Tim starts texting Missy when he gets back home. The texts turn explicitly sexual. He invites her to go with him on a company retreat to Hawaii. Of course, we know what’s going on. It’s not the dream Missy that he’s texting but the obnoxious nightmare Missy who happens to be saved in his phone under the same name. And anyone who’s seen one of the lesser Happy Madison titles knows what’s in store: another lousy farce set at a resort. Having bragged to his colleagues about his long-distance girlfriend, Tim decides to pass Missy off as a Georgetown-grad beauty queen. She, in turn, gets black-out drunk, falls off a seaside cliff, rapes him in his sleep, and then tries to patch things up by hypnotizing Tim’s boss (Geoff Pierson) into believing that Tim is his beloved grandmother.
The thing is, this wrong Missy is in fact the right Missy, and all of her terrifying pathologies are actually endearing quirks of a zany, lonely personality that makes for an attractive opposite to the straitlaced Tim. She’s a licensed marriage counselor, hypnotist, and palm reader, and she’s gonna help Tim whether he likes it or not. (At this point, the reader is invited to imagine a gender-flipped version of this scenario, which also involves Tim being led to believe that Missy might kill herself if he tells her off.) There’s precedent for all this in dark screwball comedy—like Elaine May’s A New Leaf, for example—but The Wrong Missy is listlessly indifferent in everything except its adherence to the Happy Madison formula. It has the tropical vacation backdrop, the nonsensical deceptions, the pointless celebrity cameos, the missing limbs, the litany of friends and relations.

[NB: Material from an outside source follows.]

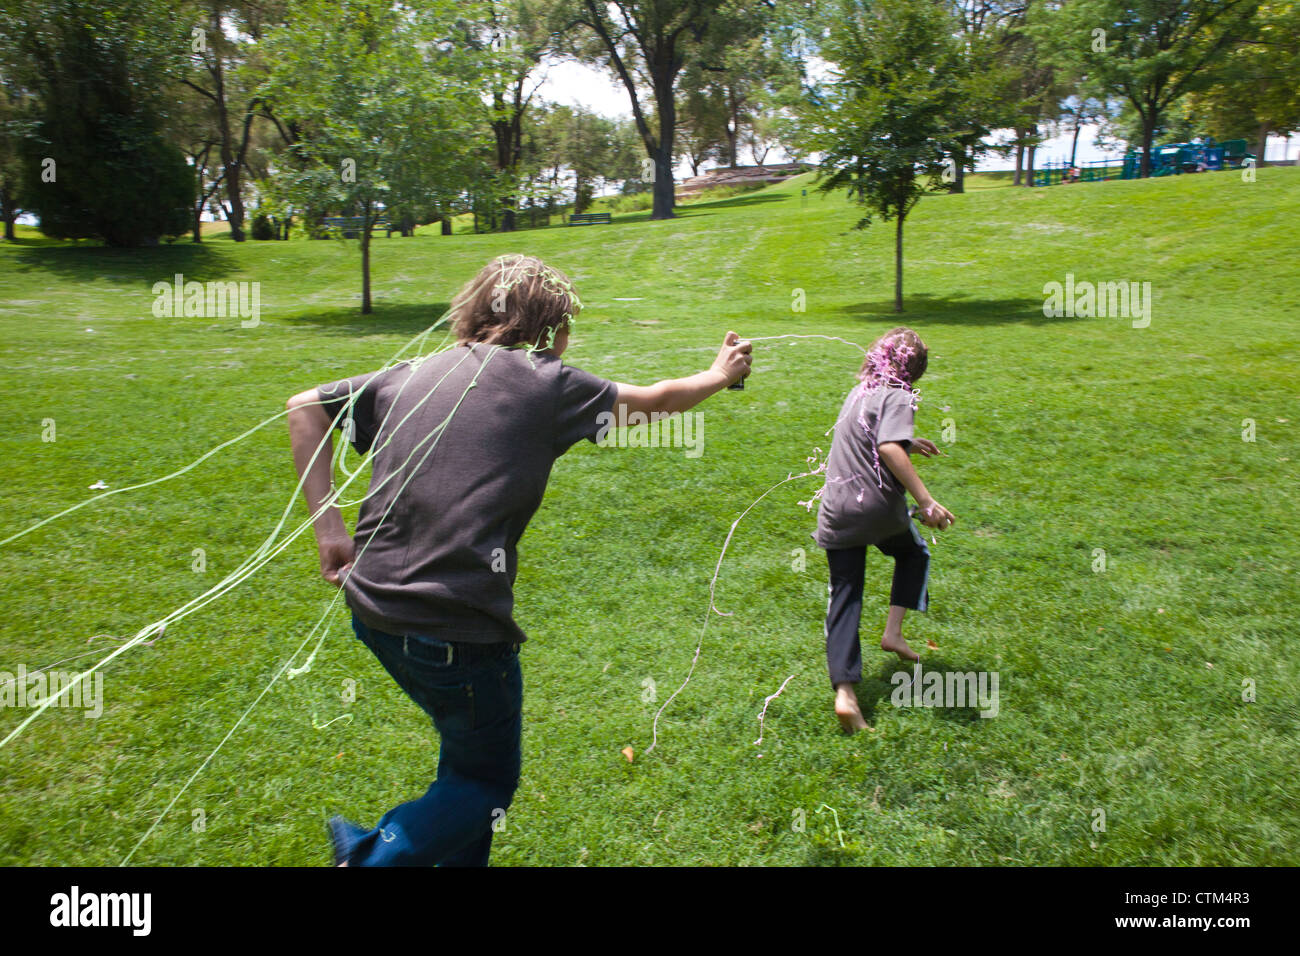 13 Jahre alter Junge jagt jüngerer Bruder mit einer Dose Silly String spray - Latex String in einem Park. Stockfoto

Rob Schneider, a longtime beneficiary of Sandler’s noblesse oblige, is on hand, playing a shark tour guide, as is Nick Swardson, cast as a repellent HR guy. The nepotism is now in its second generation; there are Sandler children and nephews in bit parts and a Schneider offspring on the soundtrack. But one crucial ingredient is missing, and that’s the Sandman himself. The Safdie brothers’ Uncut Gems recently gave him a phenomenal showcase, but the truth is that there’s been an overall uptick in the quality of Sandler’s Netflix vehicles in the past few years, including The Week Of and, to a lesser extent, Murder Mystery—not to mention his terrific performance in Noah Baumbach’s The Meyerowitz Stories (New And Selected). One can’t shake the impression that Spade has been handed his unwanted leftovers. It doesn’t help that he has the screen presence of an unenthused real estate agent.
Tyler Spindel, a Happy Madison veteran, directs The Wrong Missy with all of the worst tendencies of the Sandler shingle style. It’s a series of claustrophobically unfunny scenes that drag on and on, interspersed with establishing shots and music cues that look and sound like they were licensed from a stock library. The closest it gets to being mildly amusing is in an attempted threesome in which Tim and Missy get stoned out of their minds on cannabis-infused toothpaste and keep accidentally knocking the third party off the bed. But the rest is palm trees, hotel décor, and misanthropic improv, filled out to exactly 90 minutes (a contractual obligation, one presumes) by a long corporate talent show sequence in which one can’t be sure whether they’re supposed to be embarrassed for the characters or for the cast and crew.